Music that matters

For Chennai to truly be a Creative City, music must leave the auditorium and fill the streets

The Unesco recognition for the city’s music tradition is an opportunity to cultivate a culture of listening to diverse voices.

As several parts of Chennai emerged from the depths of floodwaters, Chennai-vasis were in for a pleasant surprise. The United Nations Educational, Scientific and Cultural Organisation had on October 31 included Chennai in its Creative Cities Network in recognition of its music tradition. The network lists 180 cities in 72 countries based on how they fare on one or more of seven creative fields: crafts and folk art, design, film, gastronomy, literature, media arts and music.

Chennai’s inclusion elicited laudatory tweets from Prime Minister Narendra Modi and Defence Minister Nirmala Sitharaman.

As one who considers Chennai home, I think the city deserves this recognition not only for music but also in the field of gastronomy.

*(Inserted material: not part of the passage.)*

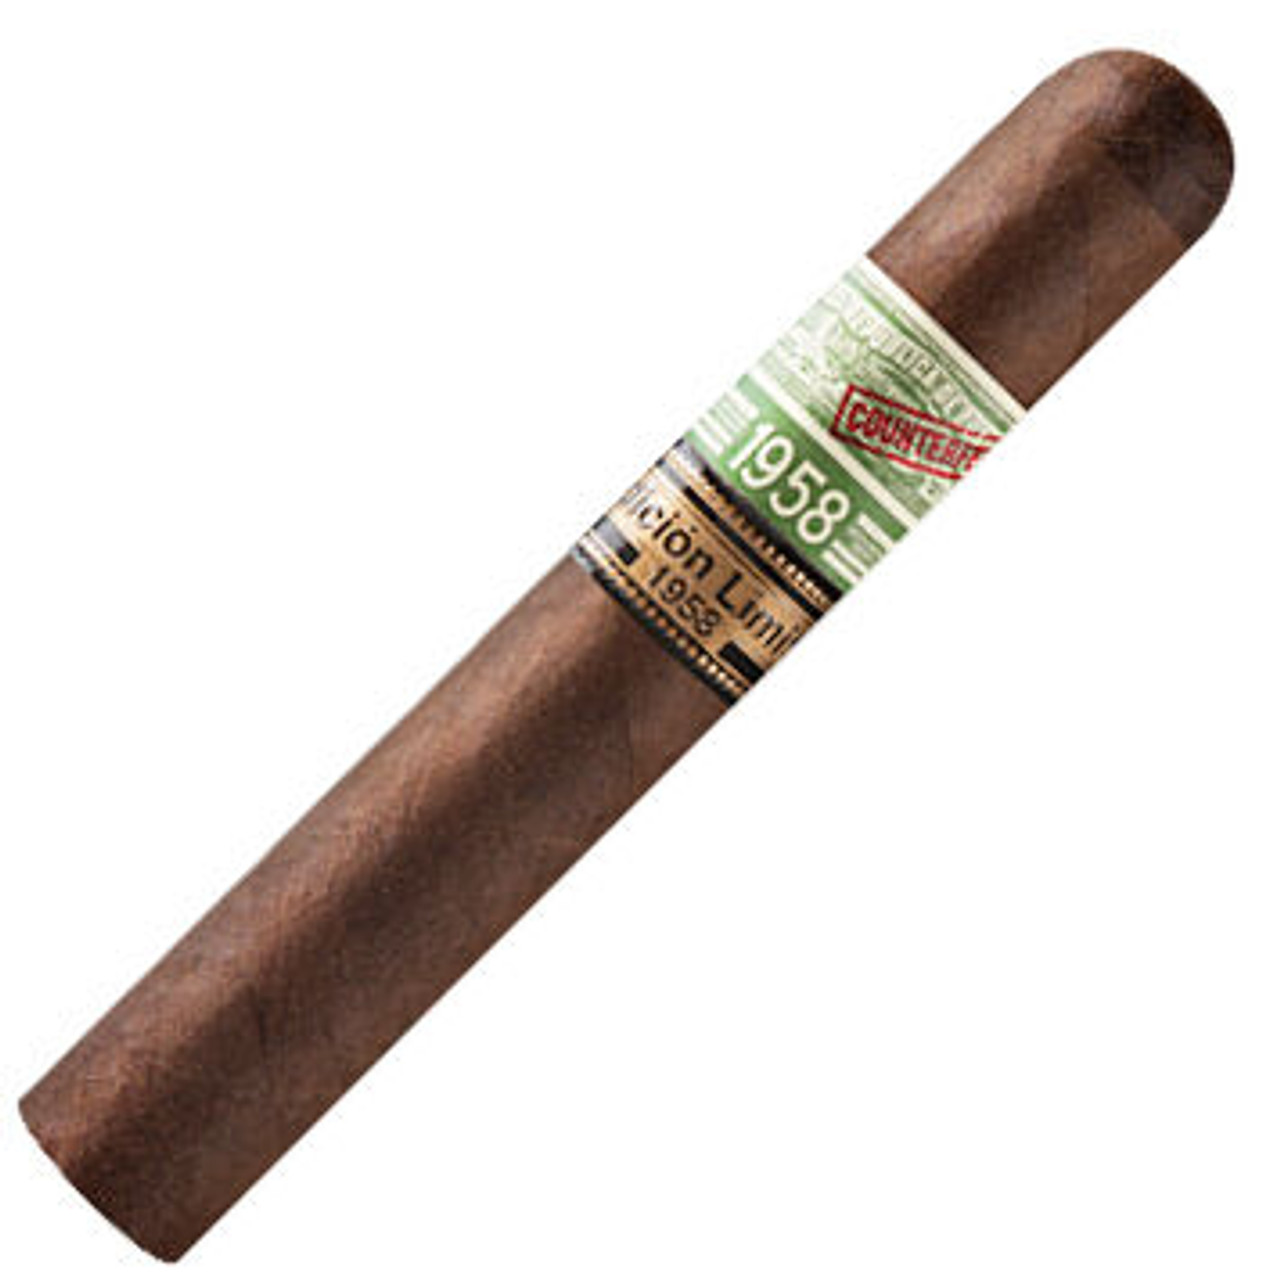 Genuine Pre-Embargo C.C. Edicion Limitada 1958 Sesenta Cigars - 6 x 60 (Cedar Chest of 25)

Perhaps, it should be recognised for its films as well.

Major newspapers and news websites immediately, and perhaps correctly, associated Chennai’s inclusion with Carnatic music and the Sabhas, organisations that support Carnatic music. The Hindu’s coverage of the news included a photograph of a Carnatic concert and interviews with two Carnatic musicians. India Today carried a photograph of The Music Academy’s TT Krishnamachari Auditorium with the caption “The Iconic Music Academy in Chennai”. To its credit, its commentary mentioned Chennai’s thriving music industry and how it is home to music composers and playback singers. Only the digital version of Tamil magazine Vikatan carried a quote of Opposition leader MK Stalin welcoming the recognition to Chennai on behalf of not just Carnatic music but also gaana and other Tamil musical traditions.

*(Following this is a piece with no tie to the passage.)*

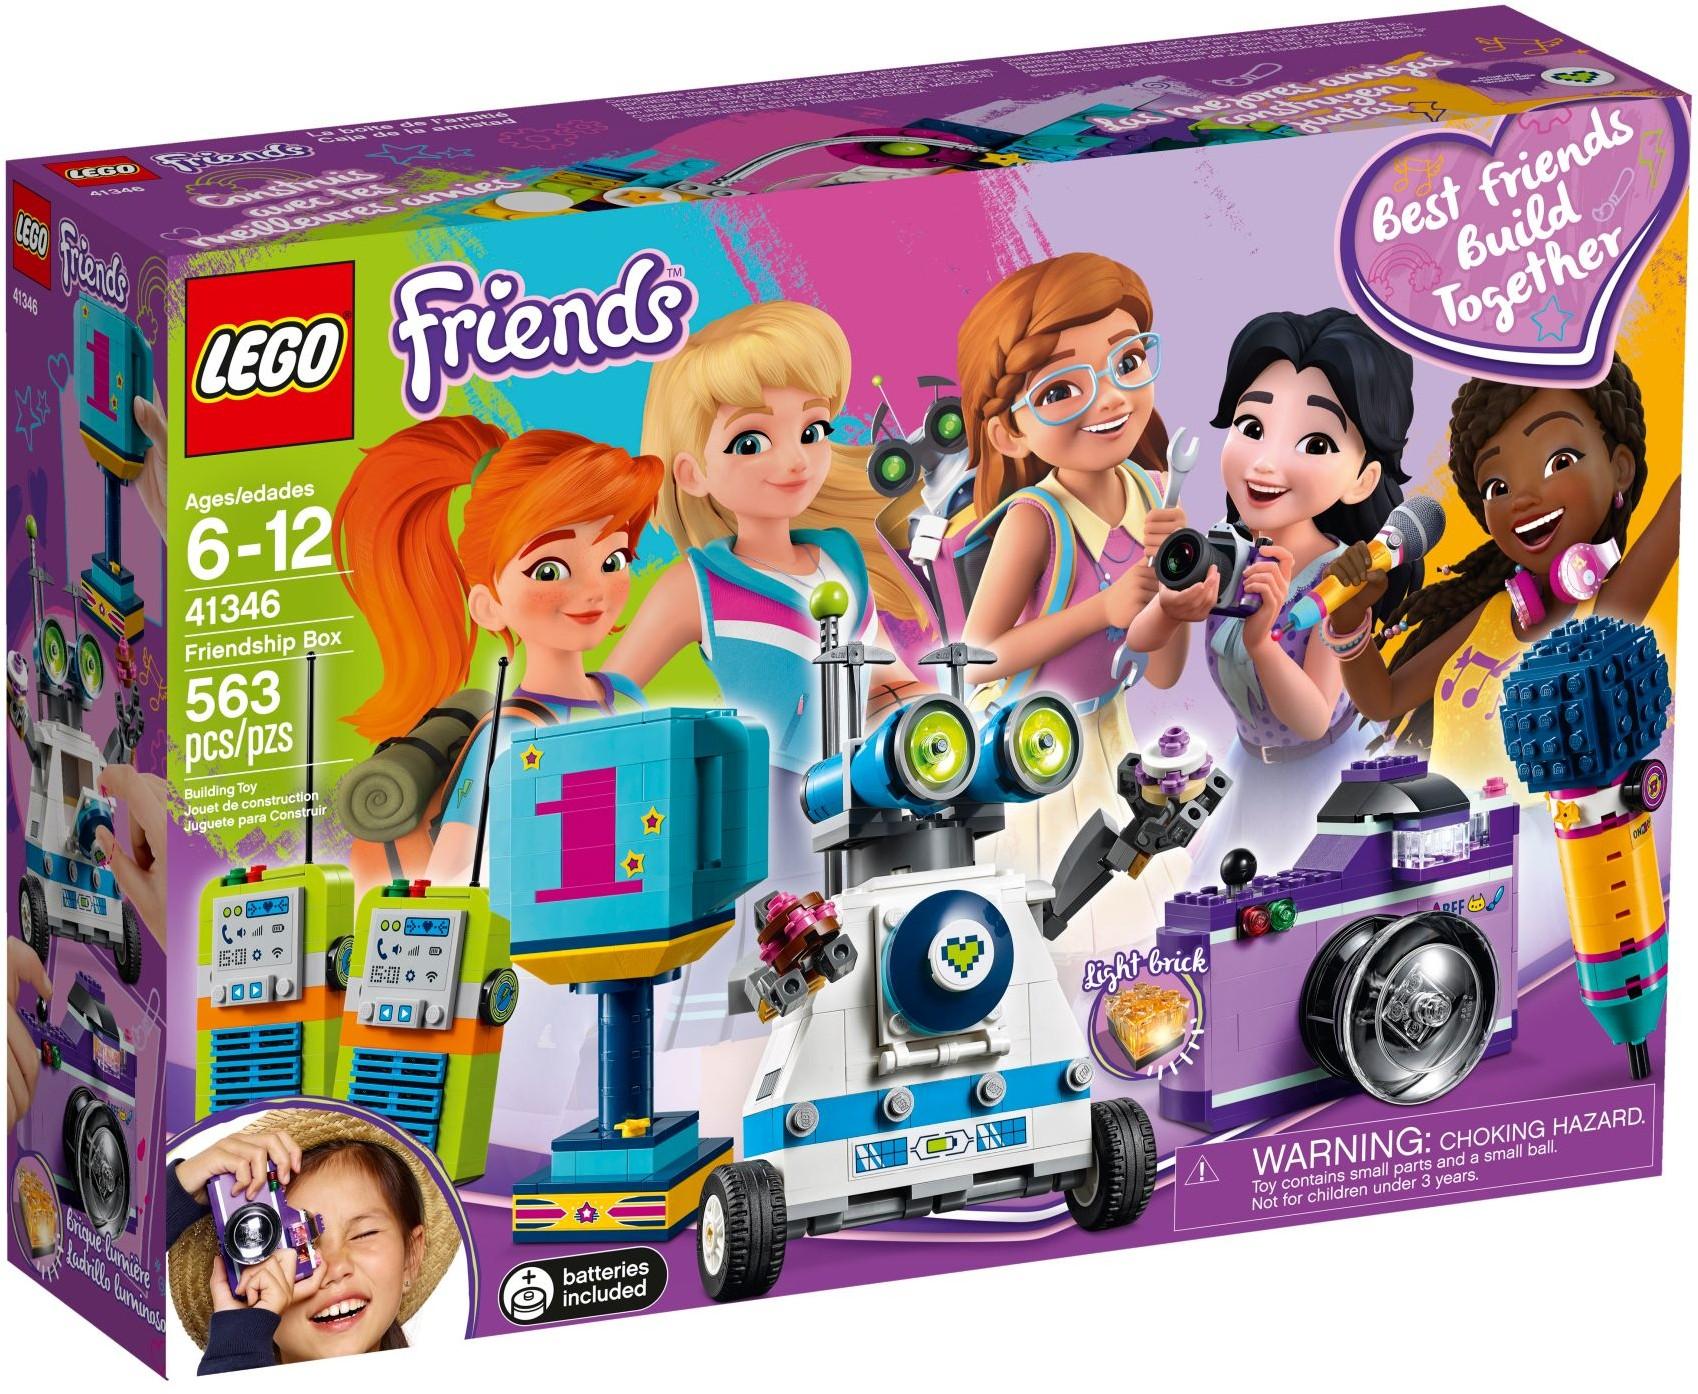 41346 Friendship Box

Not an award, a responsibility

While the recognition is being celebrated as if it were an award, the concept of Creative Cities is delightfully deceptive. Going by the intent of the listing, being included in the Creative Cities Network is an invitation to a challenge, an onerous responsibility, a terrific opportunity, anything but an award. The various fields of culture such as gastronomy, design, film or literature are relevant only as long as these help urban spaces evolve sustainably.

Here is what the Creative Cities website says under the link Why Creativity? Why Cities?:

“Urban areas are today’s principal breeding grounds for the development of new strategies, policies and initiatives aimed at making culture and creativity a driving force for sustainable development and urban regeneration through the stimulation of growth and innovation and the promotion of social cohesion, citizen well-being and inter-cultural dialogue. In this way cities respond to the major challenges with which they are confronted, such as the economic crisis, environmental impacts, demographic growth and social tensions.”

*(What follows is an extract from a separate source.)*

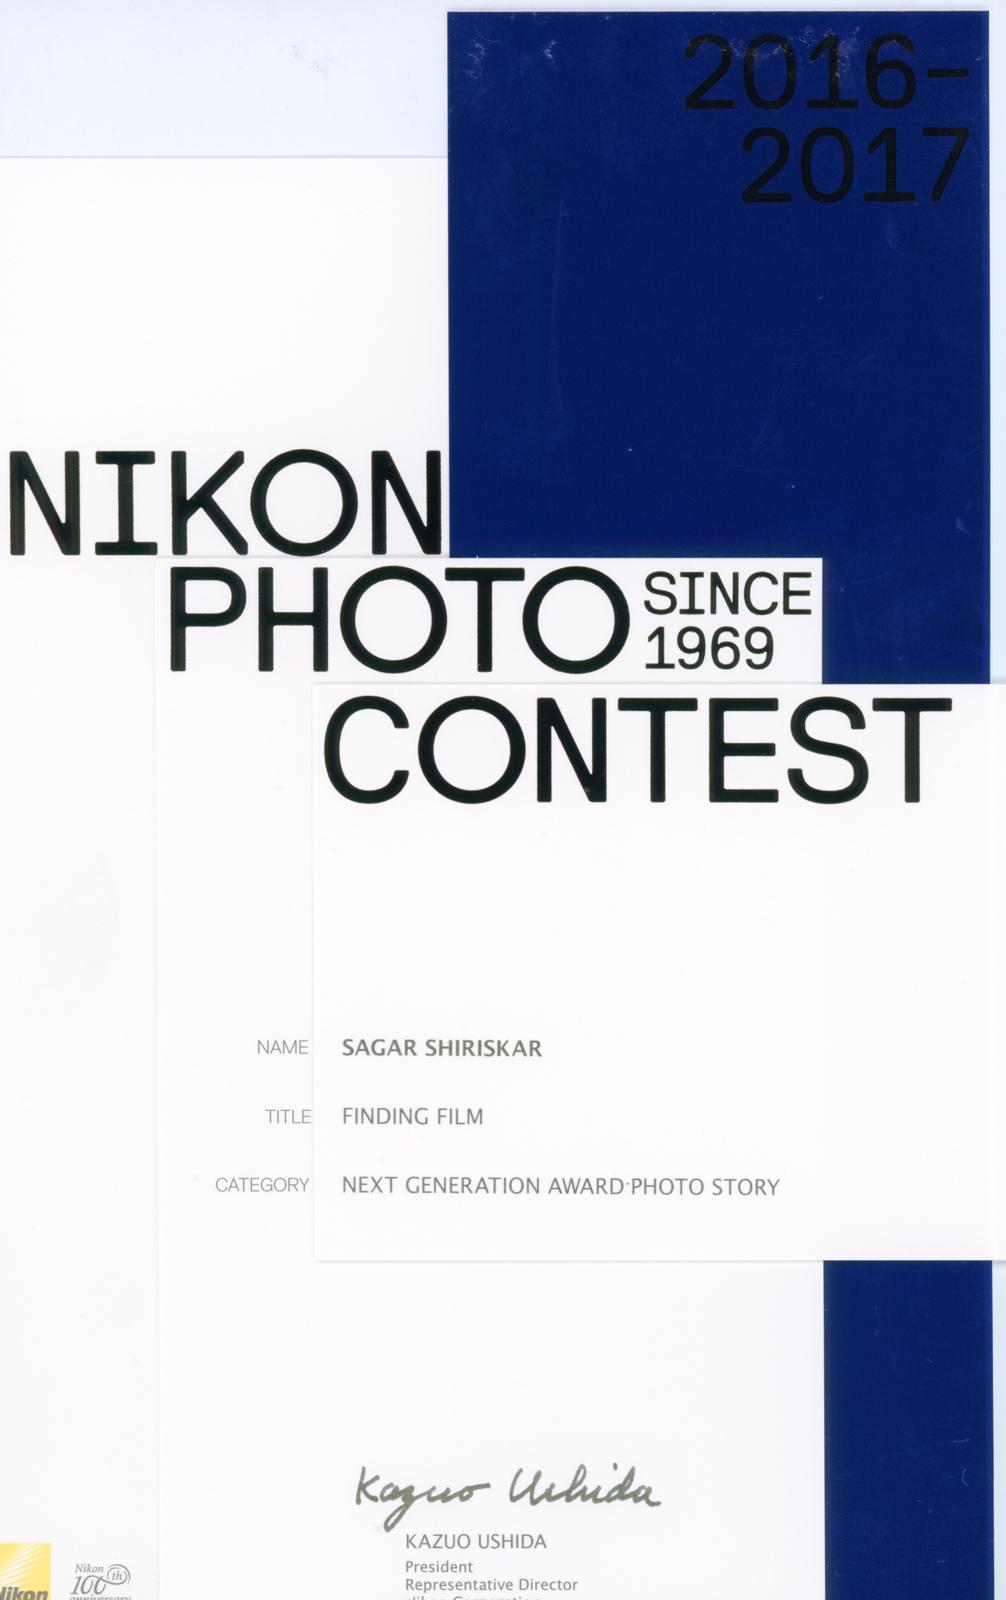 Winner Next Generation Award, Photo Story, 2017 - NIKON PHOTO CONTEST.jpg

Unesco clearly sees art, food, literature or film not merely as aesthetics, but as agents of positive social change that erase inequalities, affirm diversity, celebrate public spaces, enhance resilience and facilitate inclusivity. Art solely as an aesthetic is a luxury few can afford. But even without losing its aesthetic appeal, art can and should be an agent for social change. Indeed, there are few things better equipped than art to bridge invisible, human-made boundaries, and even dismantle them.

Culture, as a singular noun, is a loaded word prone to hegemonic capture. The plural cultures is perhaps a more accurate word particularly for an urban setting or a diverse nation such as India. The singular “urban culture” can be healthy only if it affirms and celebrates the various constituent cultures that occupy and evolve out of urban spaces.

Chennai has several musical traditions – Carnatic, gaana, Tamil rock, rap and adult contemporary music, not to mention the pervasive film music that borrows from all the above. Barring film music though, each of the other genres is isolated from each other along class and caste lines. Each either chooses to or is forced to occupy a ghettoised space.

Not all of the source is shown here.